A knee dislocation is the most severe injury to the lower extremity. It can present as a pure soft tissue injury or as a fracture dislocation. A knee dislocation is defined as complete disruption of the femorotibial joint; whereas subluxation is defined as disruption of the joint with some remaining contact of the joint surfaces. A devastating and common complication of knee dislocation is injury to the neurovascular structures, which is reported to occur in 15% to 50% of all knee dislocations (11,27,29,35). A multiple-ligament injured knee is a knee that experienced subluxation or dislocation and has two or more ligaments disrupted (3,17,19,25). The most common clinical presentation is an occult knee dislocation; however, multiple-ligament injured knees should be treated as a “dislocated knee” even if dislocation was never witnessed (10,27).

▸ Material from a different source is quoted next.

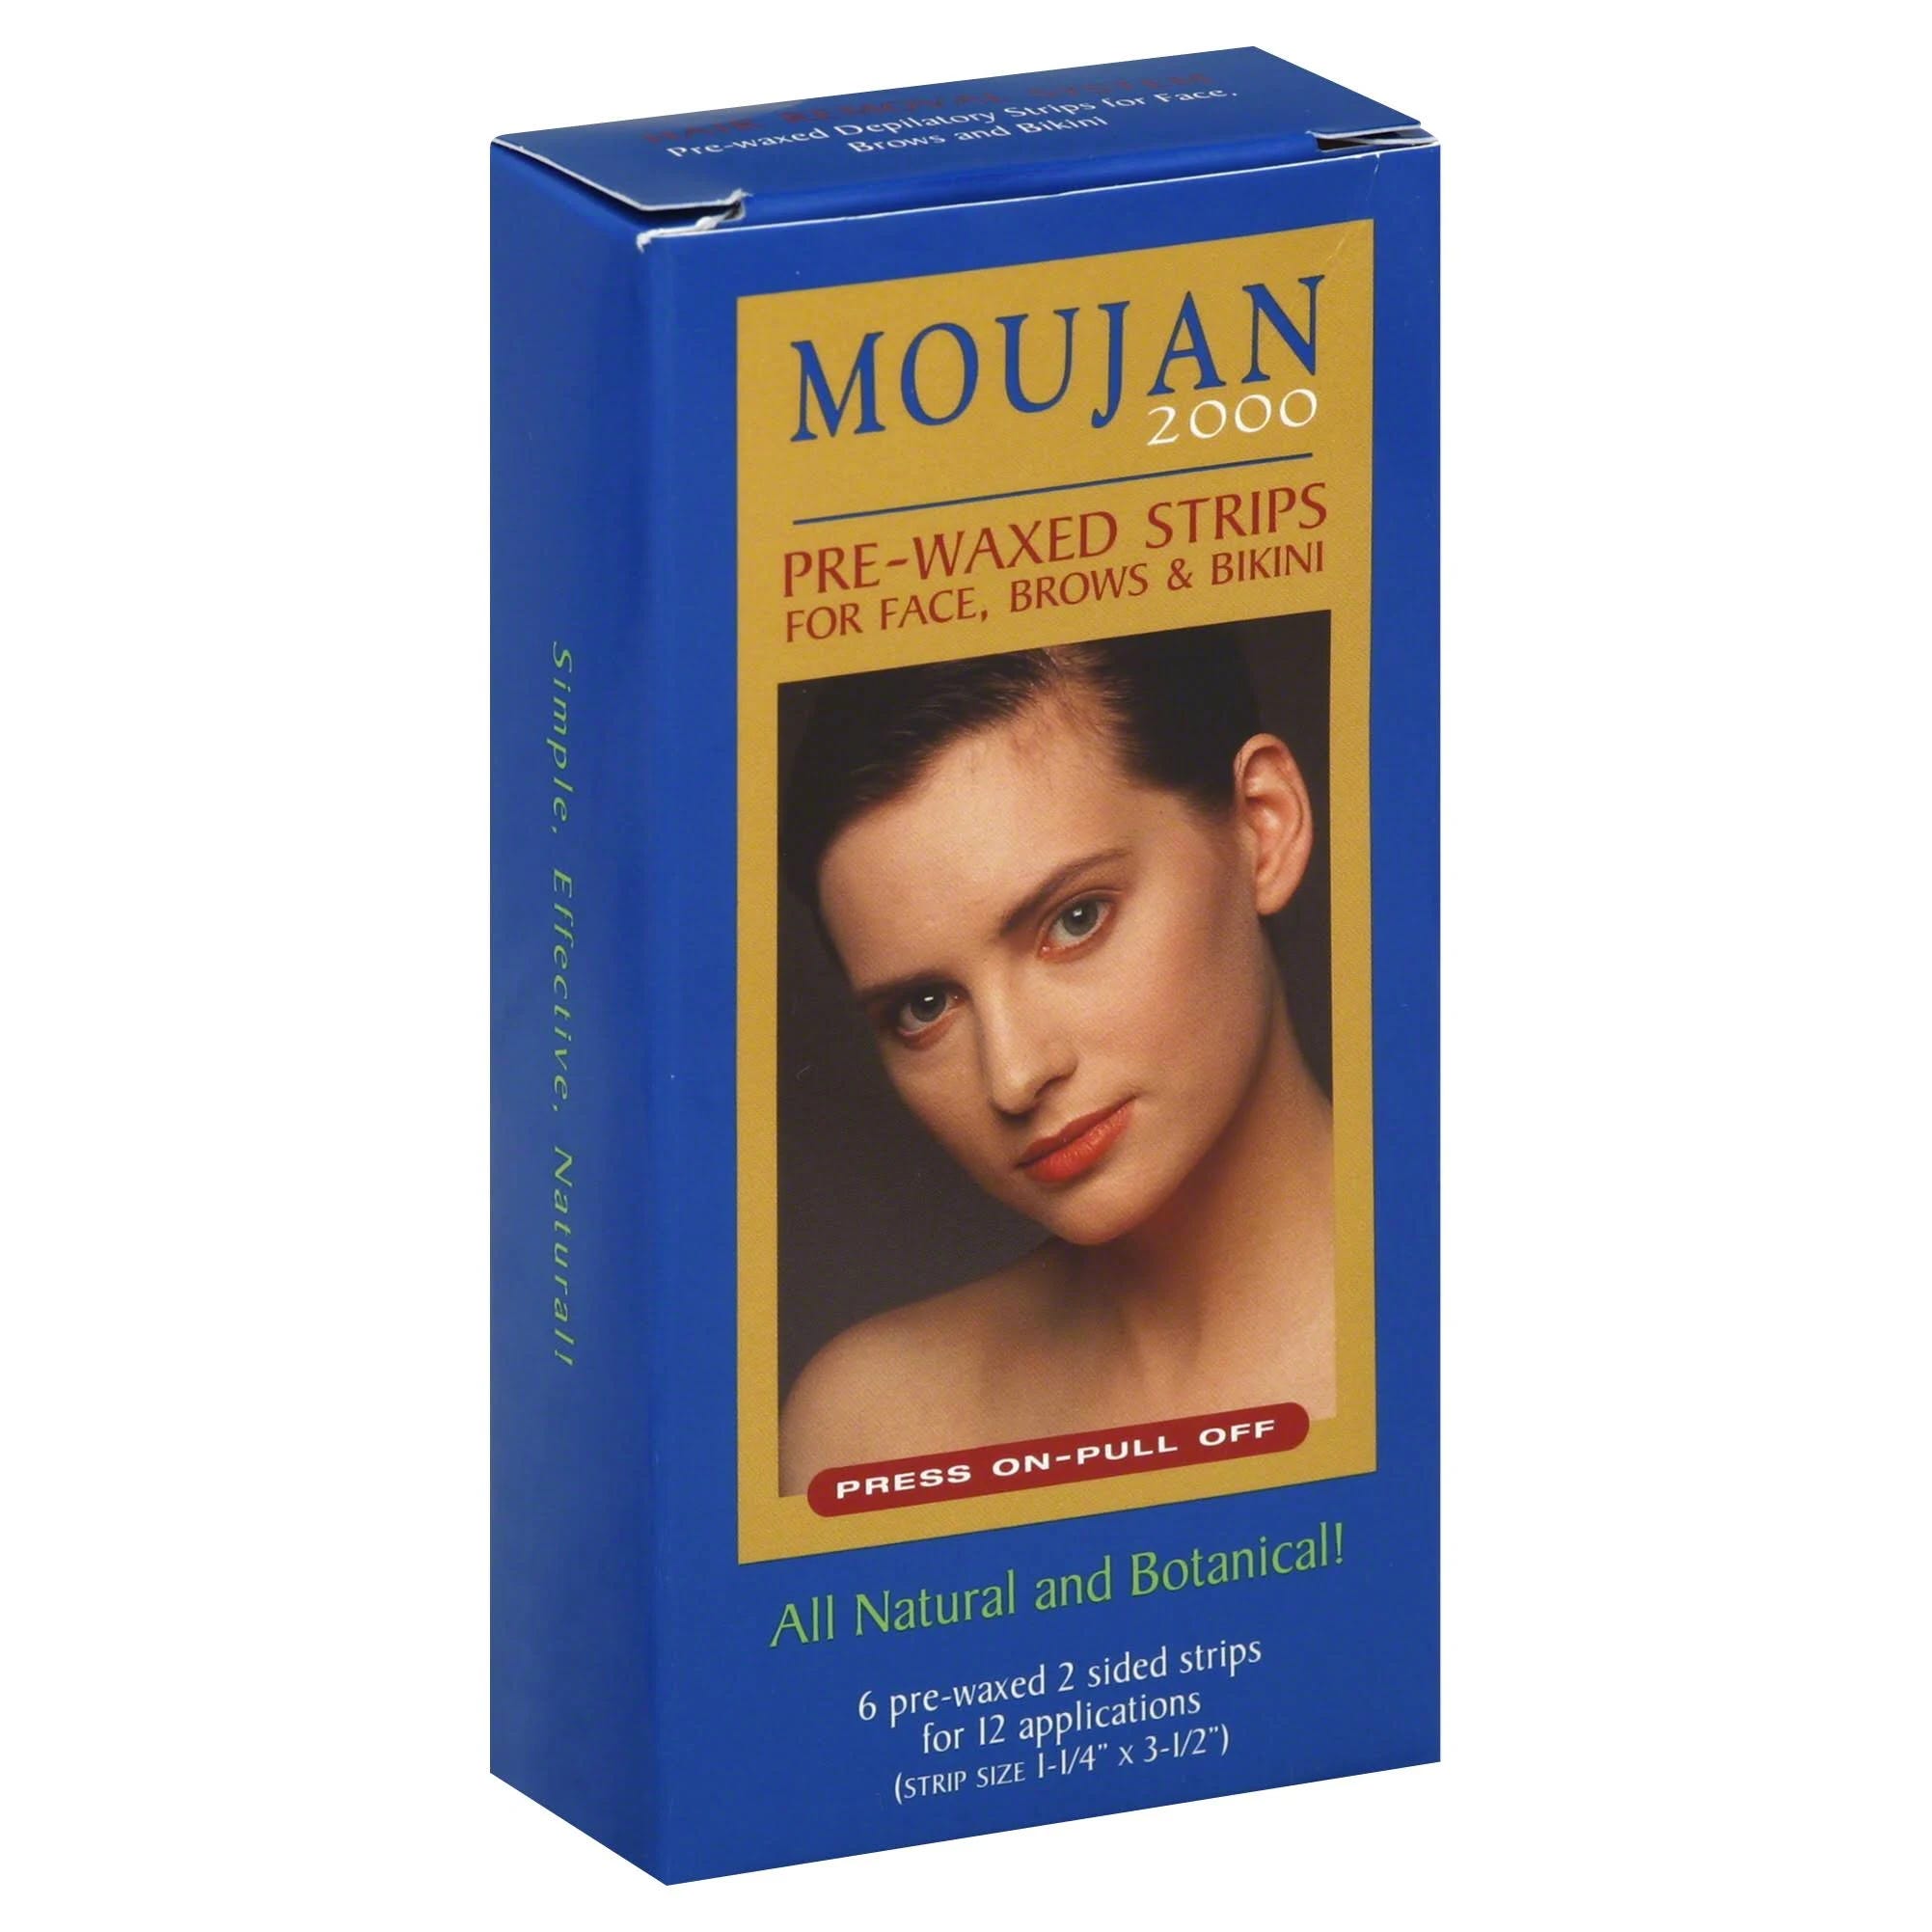 Moujan Easy Pre-Waxed Hair Removal Strips for Face, Brows & Bikini | Image

Kennedy classifies knee dislocations according to the position of the tibia with respect to the femur. In order of decreasing incidence, knee dislocations are described as, anterior, posterior, lateral, medial, and rotatory (Figs. 39.1 and 39.2) (17). Rotatory knee dislocations are subdivided into four groups: (1) anteromedial, (2) anterolateral, (3) posteromedial, and (4) posterolateral. Up to 50% of knee dislocations are spontaneously reduced prior to evaluation and cannot be classified with the Kennedy system. Therefore, an anatomic system was developed that is based on ligament injury as well as additional designations of (C) arterial injury and (N) neural injury. Injuries are described from single cruciate tear (KD I) to involvement of all four ligaments (KD IV). Involvement of the medial collateral ligament (MCL) is designated with (M), involvement of the lateral collateral ligament (LCL) or posterolateral corner (PLC) is designated with (L). KD V involves a fracture dislocation (4).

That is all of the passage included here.